GRMN 009.401 or JWST 009.401| Tuesday & Thursday | 10:30 - 12:00
Writing
Seminar in History and Sociology of Science
Epidemics in History
David S. Barnes, Associate Professor of History and Sociology of Science
Dramatic and terrifying in their deadly immediacy, outbreaks of epidemic
disease have devastated and transformed human societies since the beginnings
of recorded history. From the Black Death to cholera to AIDS, epidemics
have wrought profound demographic, social, political and cultural change
all over the world.
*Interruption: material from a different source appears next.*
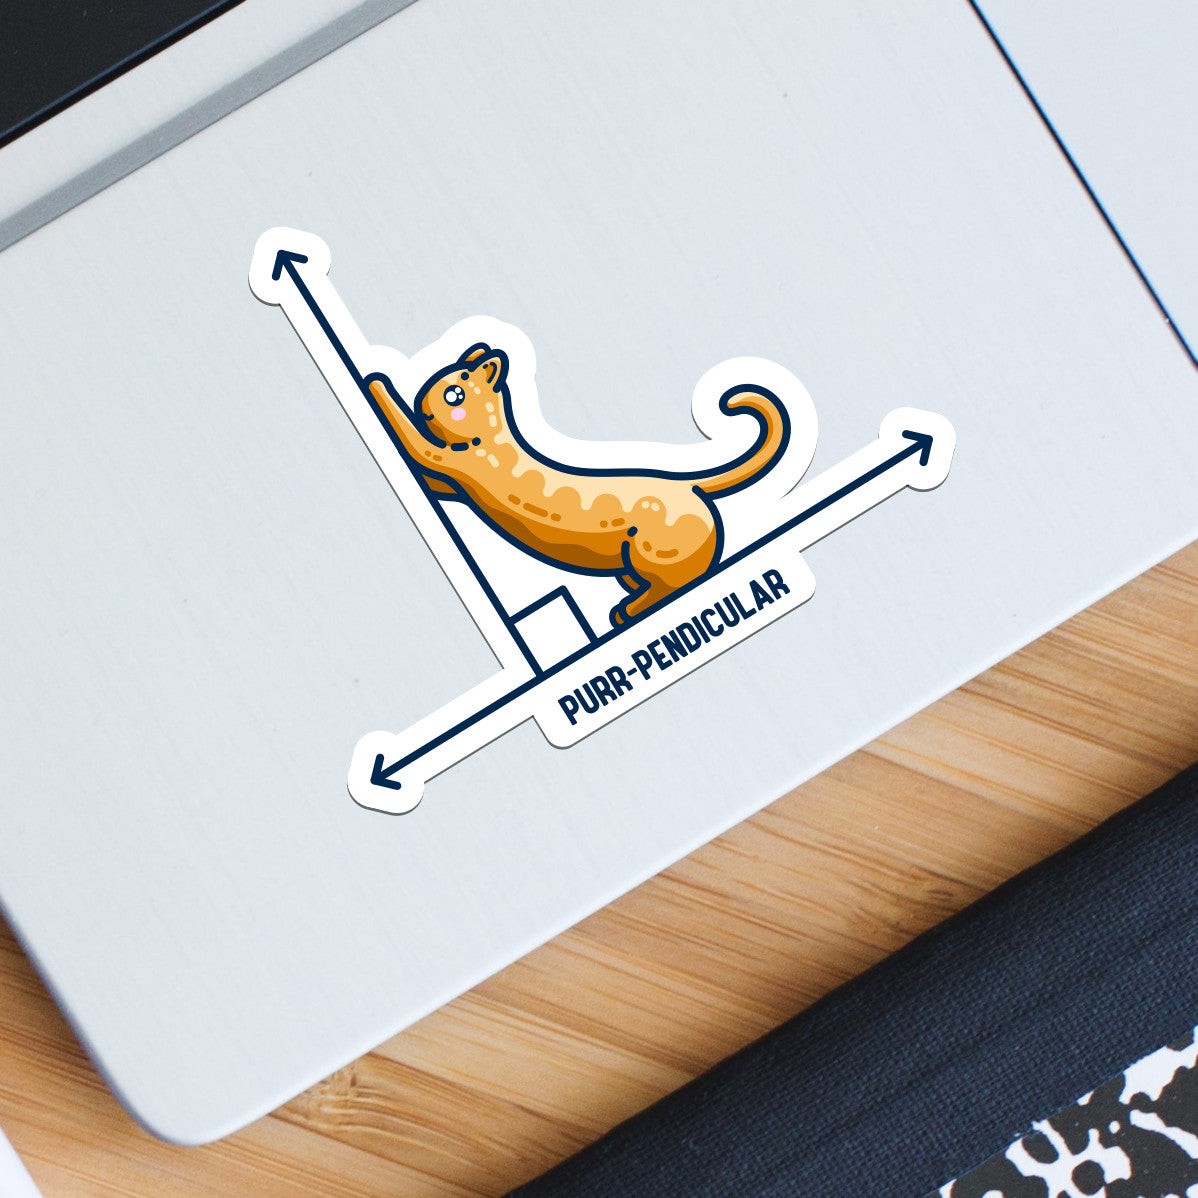 A white vinyl sticker featuring the design of a horizontal line intersected by a vertical line at a right angle. A cute ginger cat on the horizontal line is using the vertical line as a scratching post. The word purr-pendicular is written in capital letters beneath. The sticker is the shape of the design, forming a thick white border around it.

They provoke such powerful fear that while thousands
die every day in the United States from mundane illnesses such as heart
disease, panic grips the land at the thought of a handful of deaths
from seemingly exotic afflictions such as West Nile encephalitis, “weaponized” anthrax
and SARS. Through a detailed analysis of specific historical outbreaks,
this seminar will investigate the causes and effects of epidemic disease
and will examine the ways in which different societies in different
eras have responded in times of crisis.
HSSC 009.401 or HSOC 009.401 | Wednesday | 2:00 - 5:00
Writing Seminar
in Urban Studies
Homelessness and the Urban Crisis
Dennis P. Culhane, Professor, School of Social Work
This course examines homelessness from scientific and policy perspectives.
Contemporary homelessness differs from destitute poverty that occurred
during other eras of our nation’s history. Advocates, researchers
and policymakers have all played key roles in defining and measuring
the current problem, raising issues we will examine in terms of how
they affect our understanding of the scale and composition of the problem
and the merits of various explanations that ensue, such as the role
of affordable housing. We will also explore the dynamics of homelessness
through ethnographic studies of how people become homeless and experience
homelessness as well as review quantitative research on the patterns
of entry and exit from this condition. Finally, we will consider approaches
taken by policymakers and advocates to address the problem and the
efficacy and quandaries of such policy strategies. The course concludes
by contemplating the future of homelessness research and public policy.